How To Setup Apache Kafka

Apache Kafka

In this guide I will tell you how to setup and work with publish subscribe domain in Apache Kafka in windows environment. I am not going to tell you about Kafka and you will find very good documentation about Apache Kafka.

Kafka works on publish subscribe domain and this tutorial will show you how to create topic, how to send or publish messages, how to consume messages etc using command line tool.

Prerequisites

Kafka, Windows 10 64 bit/11 64 bit

Install Kafka

Go through the following steps to install Kafka in Windows Operating System:

  1. Download Apache Kafka Binary distribution.
  2. Extract the file kafka_*.tgz. Then again extract the file kafka_*.tar. Now copy the root folder kafka_* under C drive. You can choose any other drive and you have to accordingly adjust the command path for rest of the tutorial content you go through.

Start ZooKeeper Server

Kafka uses ZooKeeper to manage the cluster. ZooKeeper is used to coordinate the brokers/cluster topology and for leadership election for Broker Topic Partition Leaders.

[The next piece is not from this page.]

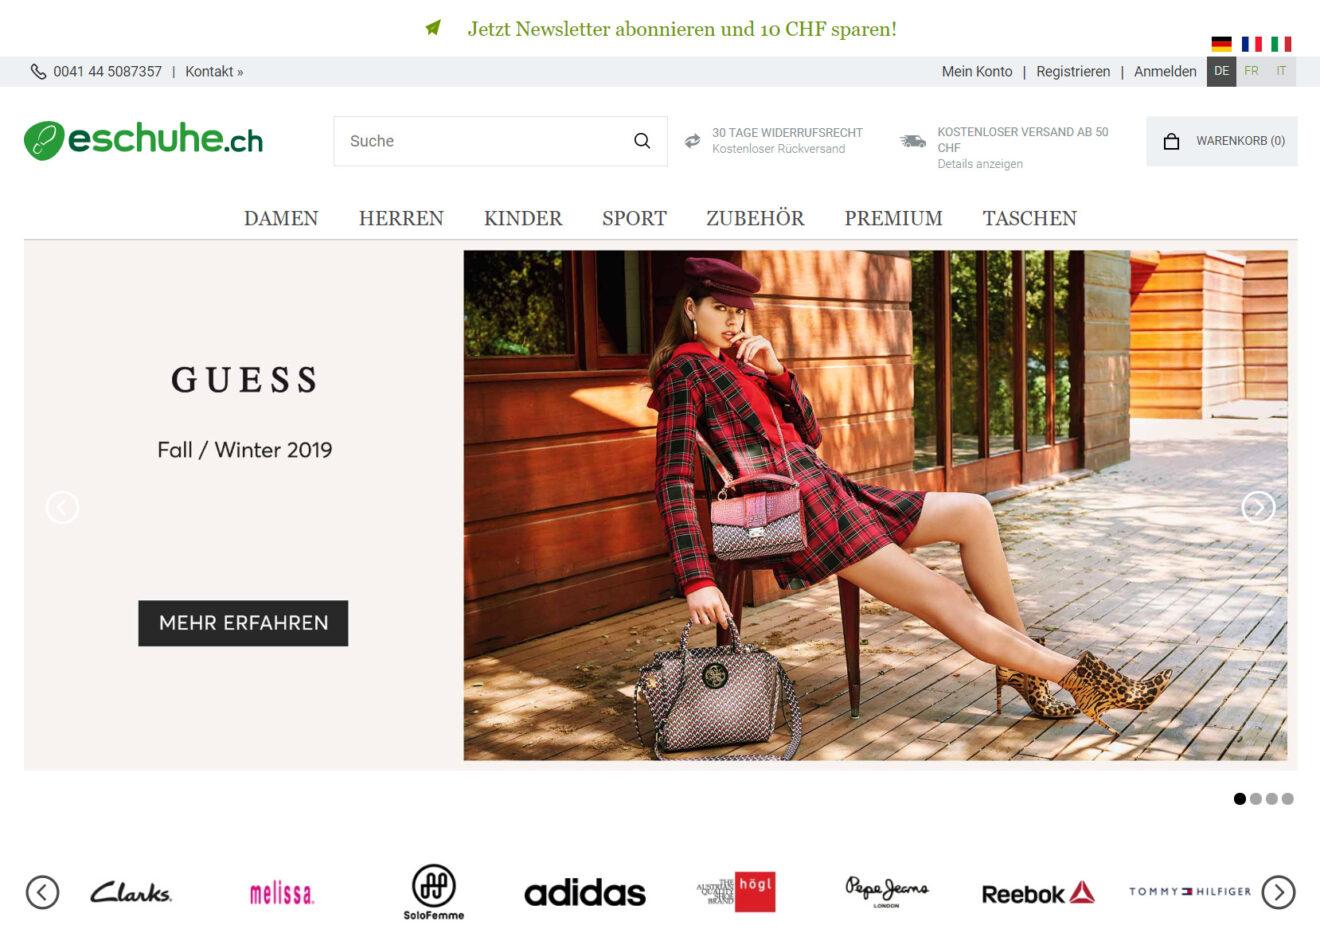 Startseite von eschuhe.ch

The default data directory location is dataDir=/tmp/zookeeper where the snapshot is stored. If you want to change the default location you can do so by editing the file C:\kafka_*\config\zookeeper.properties file. For example, you can change the location to dataDir=C:/kafka/zookeeper.

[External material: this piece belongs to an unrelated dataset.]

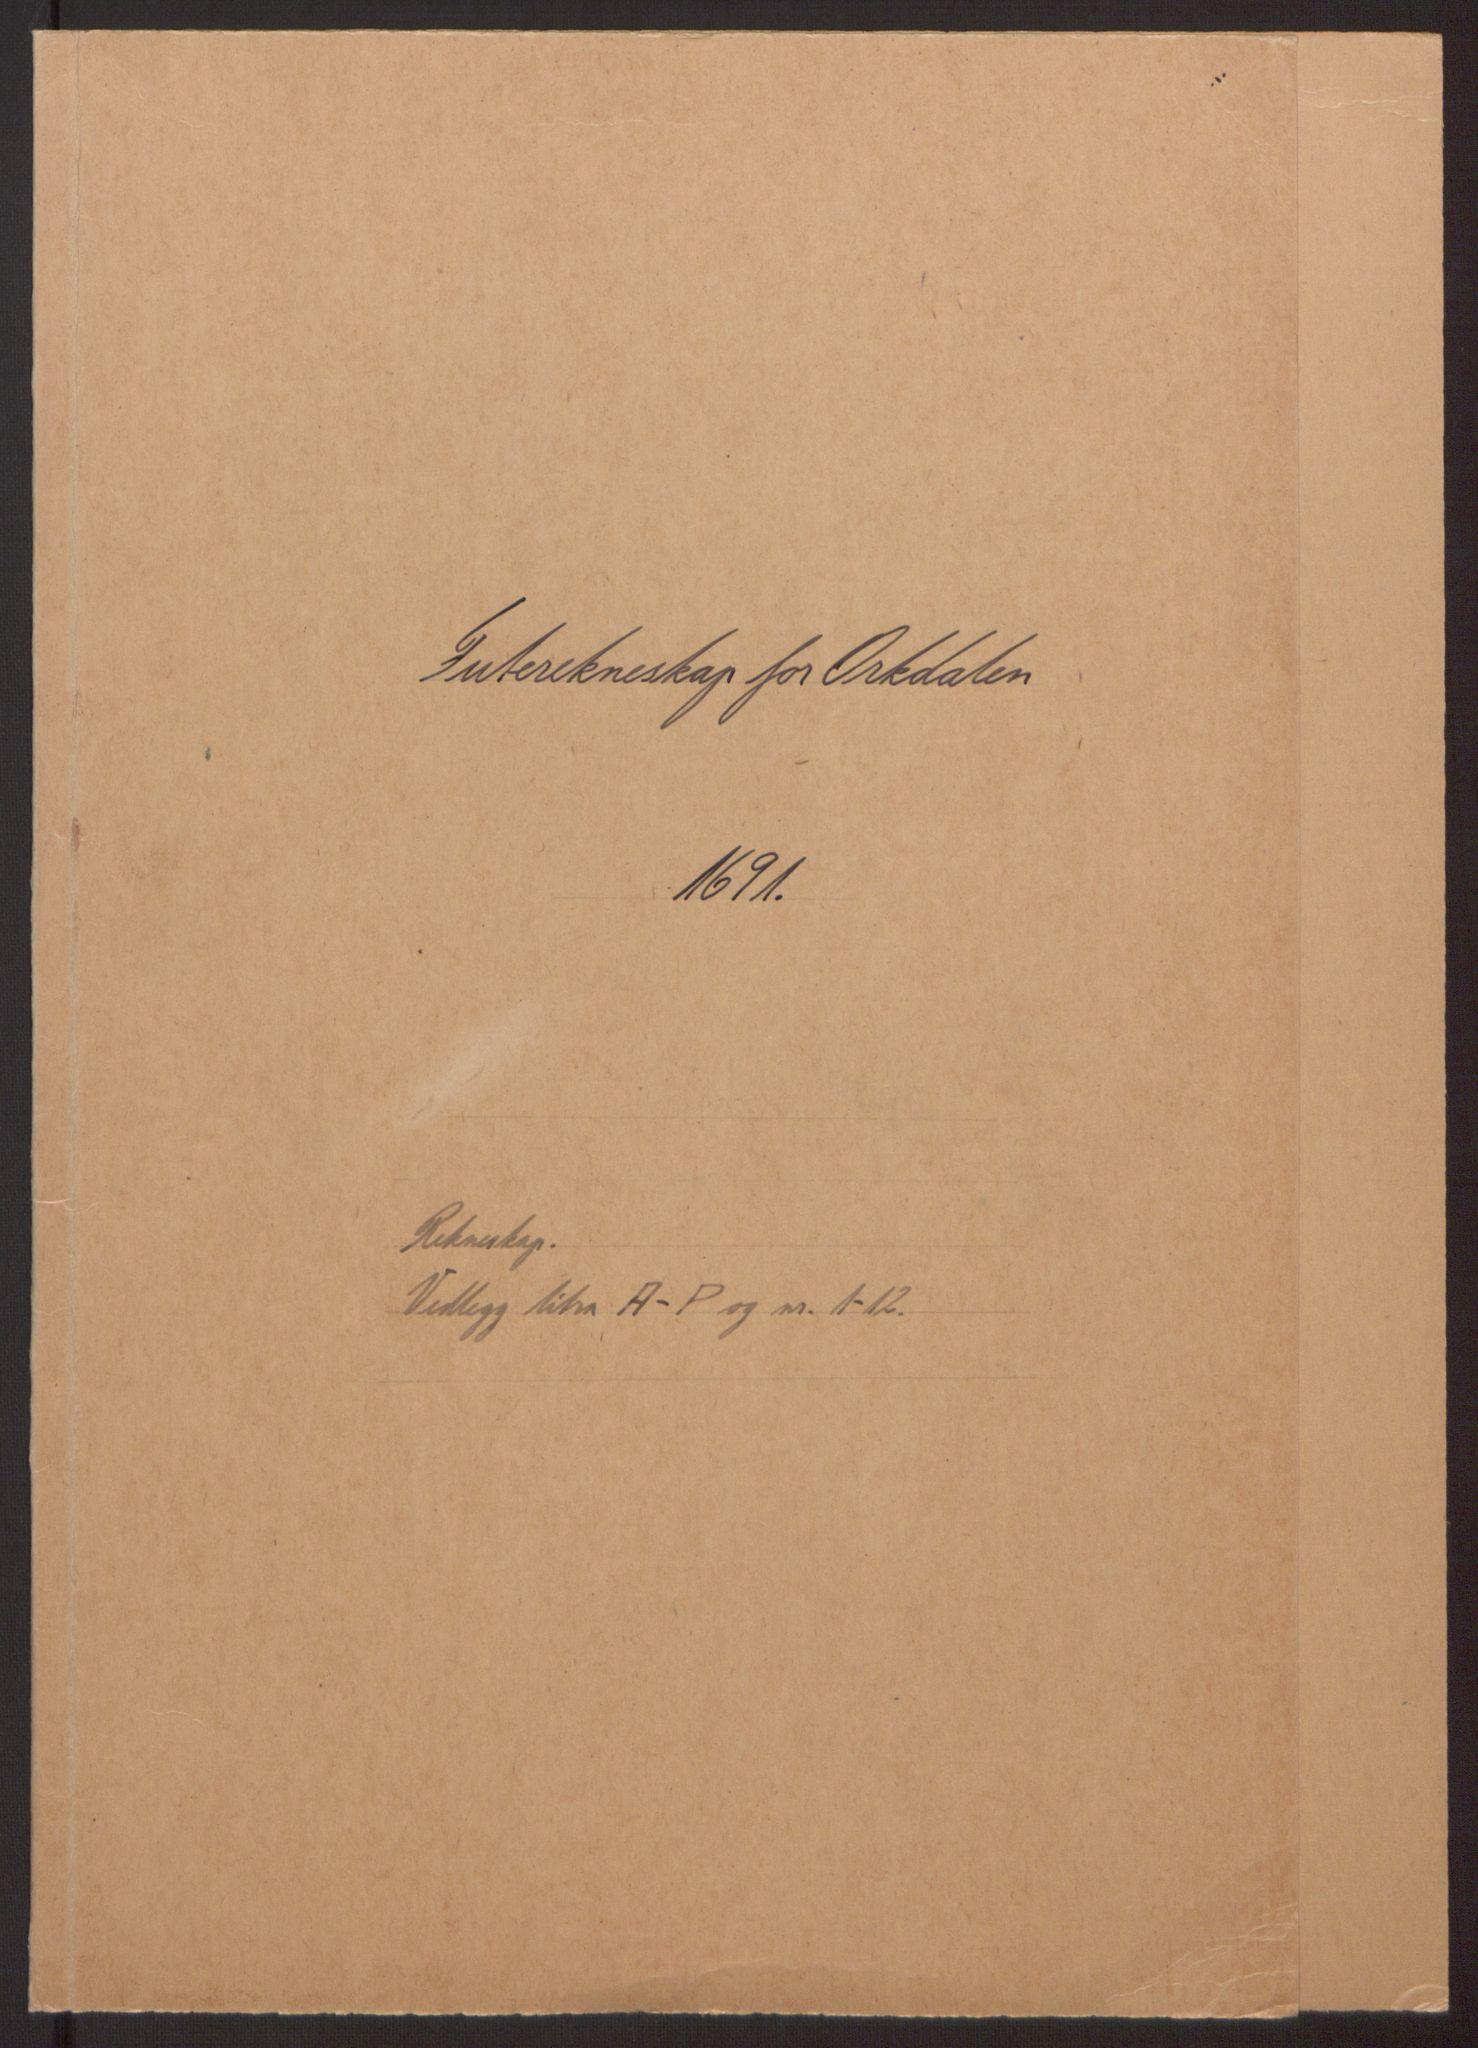 RA, Rentekammeret inntil 1814, Reviderte regnskaper, Fogderegnskap, R58/L3937: Fogderegnskap Orkdal, 1691-1692, s. 2

Start the ZooKeeper server:

  • Open command line tool. Navigate to the directory C:\kafka_*.
  • Execute command bin\windows\zookeeper-server-start.bat config\zookeeper.properties.
setup and work with kafka in windows
  • Finally ZooKeeper server starts on port 2181:
setup and work with kafka in windows

Start Kafka Server

Kafka server acts as a broker. Producers or publishers are publishing or sending messages or data into topics within the broker. Consumers or subscribers of topics pulls messages or data off the topics.

The default location for log is log.dirs=/tmp/kafka-logs where log files are stored. If you want to change the default location then you can do so by editing the file C:\kafka_*\config\server.properties file. For example, you can change it to log.dirs=C:/logs/kafka.

Start Kafka server:

  • Execute the command in command line tool: bin\windows\kafka-server-start.bat config\server.properties.
setup and work with kafka in windows
  • Finally Kafka server or broker will be started
setup and work with kafka in windows

Create Topic

Nest step is to create topic and publish some messages into it. Let’s create a topic named “roytuts” with a single partition and only one replica.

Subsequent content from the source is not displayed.